La prochaine étape, c’est Okinawa. Pour la première fois, l’armée américaine va débarquer sur un territoire japonais. L’objectif est d’en faire une base arrière pour bombarder, puis débarquer sur les îles de Kyūshū et enfin de Honshū, où se trouvent les principales villes japonaises. En effet, jusqu’ici, seuls les bombardiers B-29 ont le carburant suffisant pour le voyage de plus de 5 000 kilomètres aller-retour entre les îles Mariannes et leurs cibles. En capturant Okinawa, les Américains se rapprochent considérablement, ce qui facilite les bombardements : l’île de Kyūshū est à moins de 600 kilomètres, Tokyo à seulement 1 500 kilomètres.

Les Japonais sont conscients que l’étau américain est en train de se refermer sur eux. En particulier, la 32e armée, stationnée à Okinawa et dirigée par le général Mitsuru Ushijima, anticipe qu’un assaut américain sur l’île est imminent. Ils ne sont que 75 000, assistés de 25 000 auxiliaires okinawaïens et coréens. Face à une force américaine de 500 000 hommes, une victoire paraît illusoire. L’objectif, c’est plutôt de leur infliger un maximum de pertes et de les ralentir autant que possible. En résumé, les soldats japonais se préparent à combattre jusqu’au dernier homme.

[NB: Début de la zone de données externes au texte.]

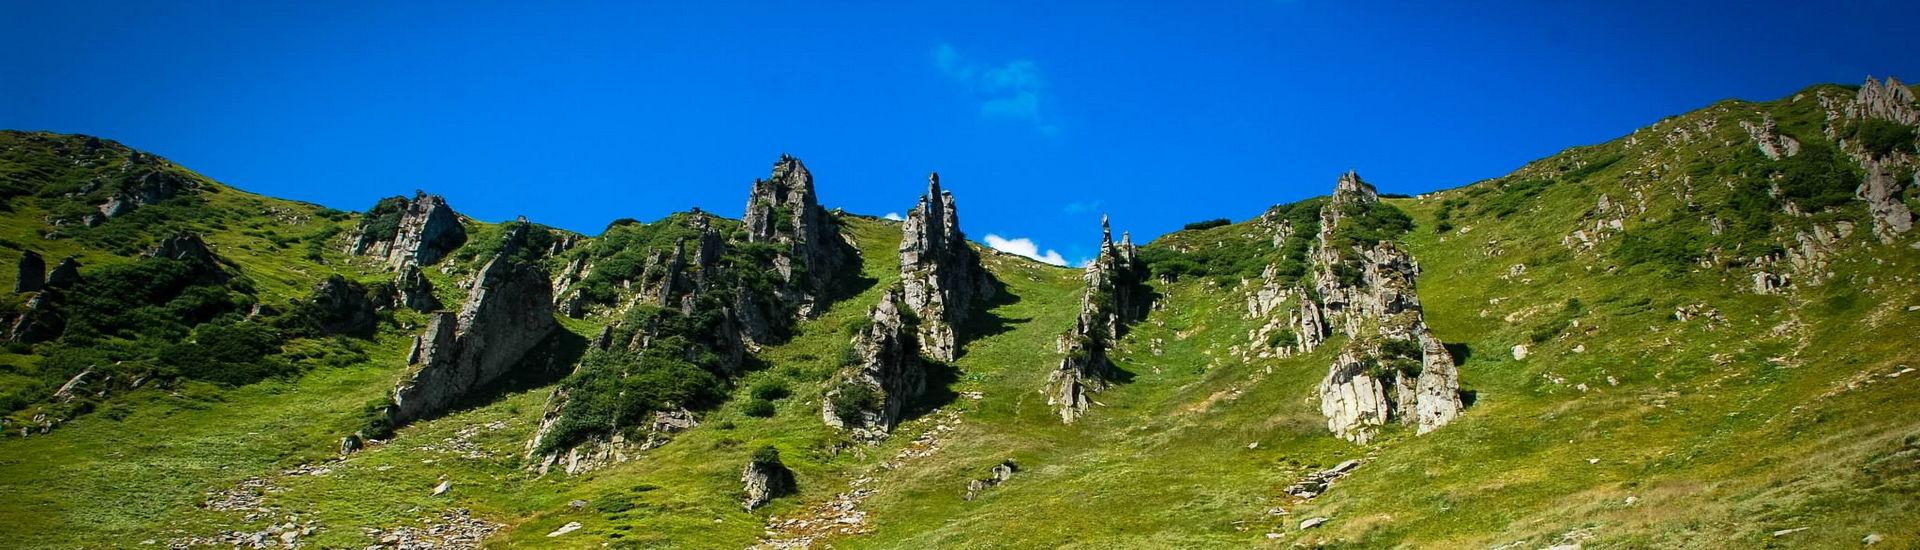 Чорногірський хребет, маршрут на гору Шпиці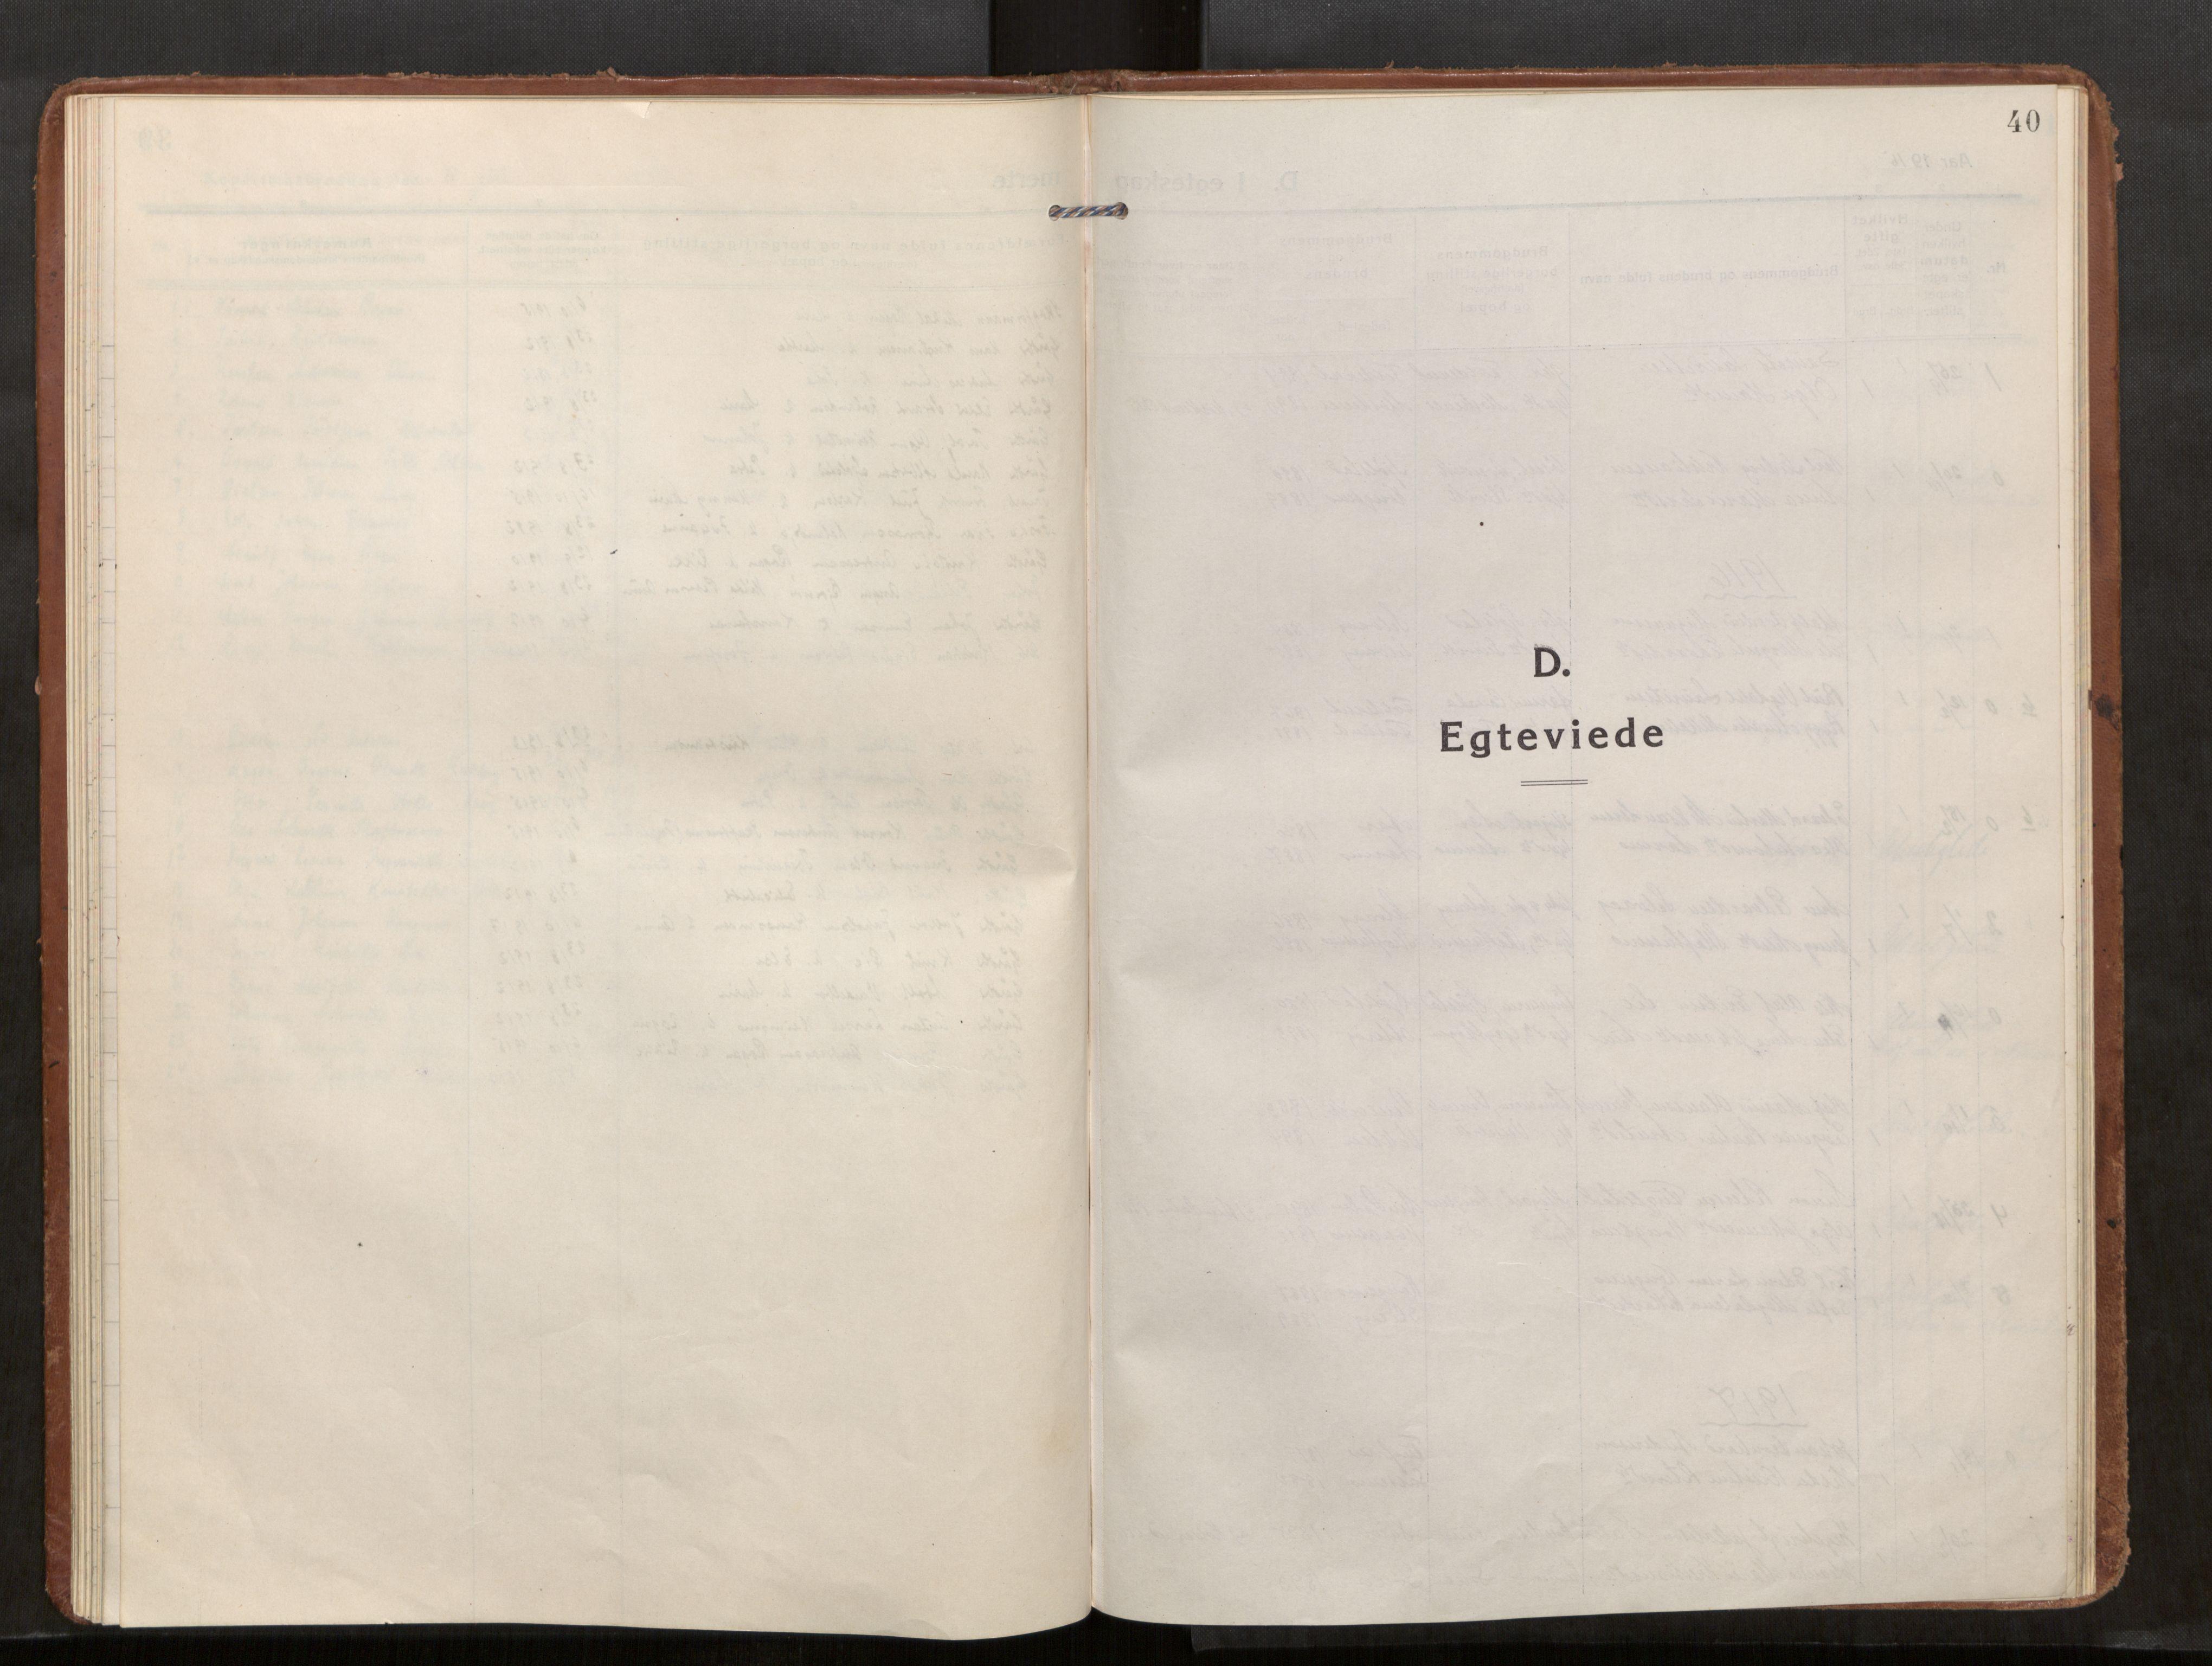 SAT, Kolvereid sokneprestkontor, H/Ha/Haa/L0002: Parish register (official) no. 2, 1914-1926, p. 40

Les deux armées qui s’apprêtent à s’entretuer ne sont pas les seuls acteurs en présence. Okinawa compte 450 000 habitants, dont une majorité au sud de l’île. De tous les territoires insulaires envahis par les Alliés pendant la Guerre du Pacifique, c’est de loin le plus peuplé. Dès 1944, la population est lourdement impactée par les bombardements. Celui du 10 octobre a rasé 90% de Naha, le chef-lieu de la préfecture. Mais nous allons le voir, le bilan humain pour les civils va encore s’alourdir pendant les trois mois que durera la bataille, surnommée a posteriori le « typhon d’acier ».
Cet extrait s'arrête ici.